Bien qu’ayant constitué avocat le 24 mars 2025, Maître [P] [Z] es qualité de mandataire judiciaire de la SARL NASTENIKA exerçant sous l’enseigne LAFORET et la SARL NASTENIKA n’ont pas conclu. Leur conseil a indiqué par message RPVA du 29 septembre 2025 ne plus intervenir dans les intérêts de la SARL NASTENIKA, désormais sous le joug d’une procédure de liquidation judiciaire.
II – MOTIFS DE LA DÉCISION
Aux termes des dispositions de l’article L622-13 II du code de commerce, l’administrateur a seul la faculté d’exiger l’exécution des contrats en cours en fournissant la prestation promise au cocontractant du débiteur.
La SCI MORENO justifie que par courrier du 6 août 2024, la SELARL FIRMA représentée par Maître [L] [E] a décidé de la continuation du bail, avec engagement du débiteur d’être à jour du paiement des loyers à compter du 1er août 2024.
L’article L622-13 III du code de commerce précise que le contrat en cours est résilié de plein droit à défaut de paiement dans les conditions définies au II et d’accord du cocontractant pour poursuivre les relations contractuelles. En ce cas, le ministère public, l’administrateur, le mandataire judiciaire ou un contrôleur peut saisir le tribunal aux fins de mettre fin à la période d’observation.

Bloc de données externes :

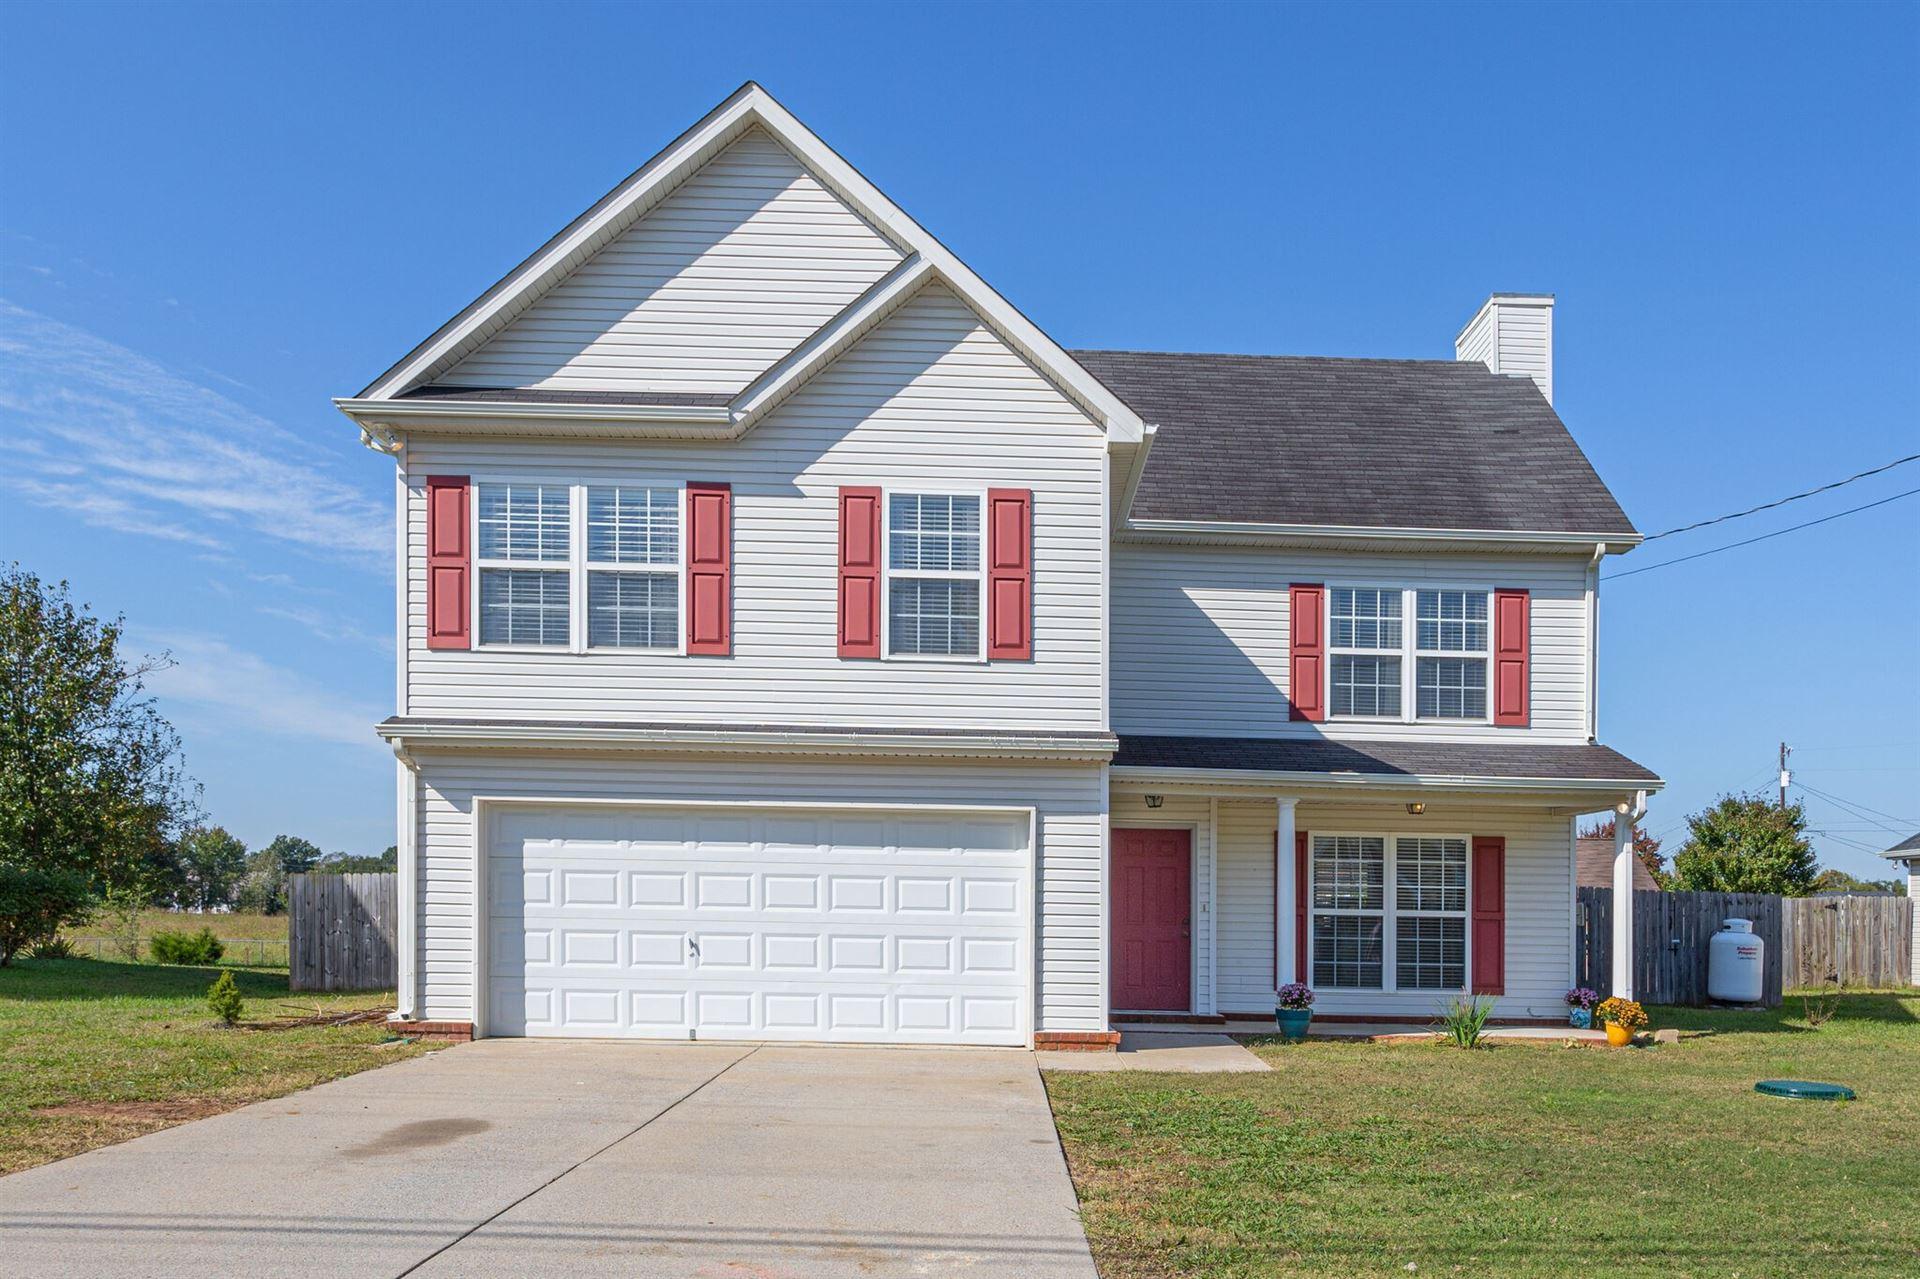 646 Fleming Farms Dr, Murfreesboro, TN 37128 - MLS#: 2302522

Il résulte de ces dispositions que le constat de la résiliation de plein droit du bail et les demandes subséquentes tels que sollicités par la SCI MORENO ne relèvent pas de la compétence du juge des référés.
Par suite, il y a lieu de se déclarer incompétent.
La demanderesse supportera les dépens de l’instance.
III – DÉCISION
Le juge des référés du tribunal judiciaire de Bordeaux statuant par une ordonnance contradictoire, prononcée publiquement par mise à disposition au greffe et à charge d’appel;
Se déclare incompétent pour statuer sur les demandes de la SCI MORENO ;
Laisse les dépens de l’instance à la charge de la SCI MORENO.
La présente décision a été signée par Alice VERGNE, Vice-Présidente, et par Karine PAPPAKOSTAS, Greffière.